Dass während der Corona-Krise alles schnell gehen kann, das haben wir im vergangenen Jahr immer wieder gesehen – auch in der Wissenschaft. Was die Forschenden aus Greifswald jetzt aber auf die Beine gestellt haben, dürfte trotzdem einen Rekord darstellen: Drei Tage hätten sie durchgearbeitet, sagt Andreas Greinacher, Leiter der Transfusionsmedizin der Universitätsmedizin Greifswald, um zu ihrem Ergebnis zu kommen.
Bestimmte Antikörper gefunden, die Blutgerinnung aktivieren können
Der vermutete Mechanismus, wie diese Sinusthrombosen durch den Impfstoff ausgelöst werden könnten, ist bereits von einem anderen Krankheitsbild bekannt: der Heparin-induzierten Thrombozytopenie. Dabei gerinnt das Blut paradoxerweise nach Gabe des Blutverdünners Heparin und eine Thrombose kann sich bilden. Hier bindet Heparin an ein Protein, das für die Blutgerinnung verantwortlich ist, den Plättchen-Faktor 4. Manche Menschen haben Antikörper, die diesen Heparin-PF4-Komplex erkennen, binden und die Blutgerinnungskaskade aktivieren. Und solche Antikörper konnten die Greifswalder auch in Blutproben von Patienten feststellen, die kurz nach der Impfung mit AstraZeneca eine Sinusthrombose entwickelten.
Laut Andreas Greinacher kann wohl auch ein Bestandteil der Impfung oder eine Reaktion des Körpers auf die Impfung zu so einer Blutgerinnung führen. Seine genaue Vermutung wollte er bei der heutigen Pressekonferenz noch nicht sagen.
Andere Vektorimpfstoffe könnten ähnlich wirken
Laut Experten muss es sich dabei aber um ein sogenanntes Polyanion handeln, ein mehrfach negativ geladenes Teilchen. Infrage kommen könnte zum Beispiel das im Impfstoff eingesetzte Adenovirus. Wäre das der Fall, dann könnten die mRNA-Impfstoffe von Biontech, Moderna und Curevac diesen Mechanismus nicht auslösen. Andere Vektorimpfstoffe, die Adenoviren einsetzen, dagegen schon, wie zum Beispiel der russische Impfstoff Sputnik V oder der Impfstoff von Johnson & Johnson.

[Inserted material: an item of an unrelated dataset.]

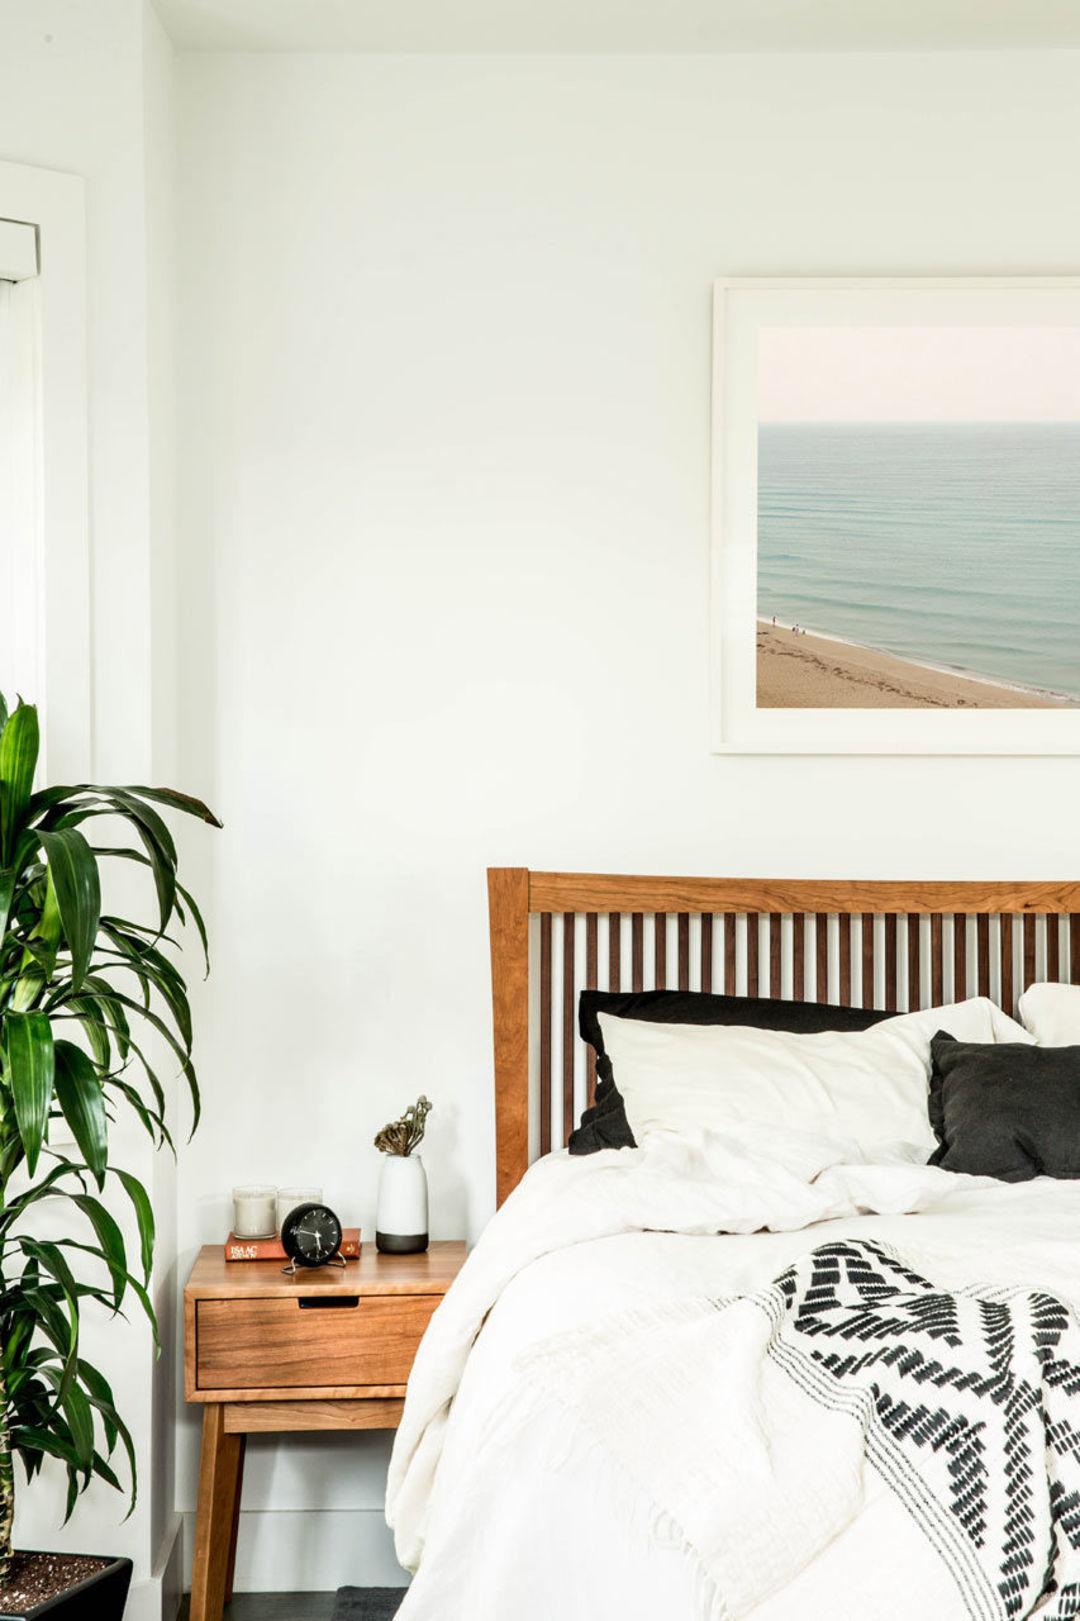 这间北欧风的单身公寓,每个细节都是好品味_设计_好奇心日报

Ein endgültiger Beweis, dass der Impfstoff von AstraZeneca für die beobachteten Hirnthrombosen verantwortlich ist, ist das aber noch nicht. Sobald die Arbeitsgruppe aus Greifswald ihre Ergebnisse veröffentlicht, werden diese dann von anderen Wissenschaftlern überprüft.
Sinusthrombosen sind behandelbar
Aber unabhängig davon, ob der Impfstoff oder etwas anderes zu den Blutgerinnseln führt: Dieses Krankheitsbild ist behandelbar. Von ihrer Arbeit an der Heparin-induzierten Thrombozytopenie wissen die Forschenden aus Greifswald, dass die Aktivierung der Blutgerinnung verhindert werden kann – und zwar durch einen anderen Antikörper. Dieser unterbindet die Aktivierung der Blutgerinnung durch den Antikörper gegen den Heparin-PF4-Komplex. Der Therapie-Antikörper dürfte in jedem mittelgroßen Krankenhaus verfügbar sein, so Andreas Greinacher.
Vorbeugend sollte diese Therapie allerdings nicht angewandt werden, denn wie bei jedem Medikament können auch hier Nebenwirkungen auftreten. Wer zwischen vier und 14 Tagen nach der Impfung Symptome einer Thrombose, also zum Beispiel ein schmerzendes, geschwollenes Bein oder starke, anhaltende Kopfschmerzen, hat, sollte zum Hausarzt gehen. Wenn dann eine Thrombose festgestellt wird, kann sie mit der vorgeschlagenen Therapie behandelt werden – ob sie durch den Impfstoff ausgelöst wurde, oder nicht.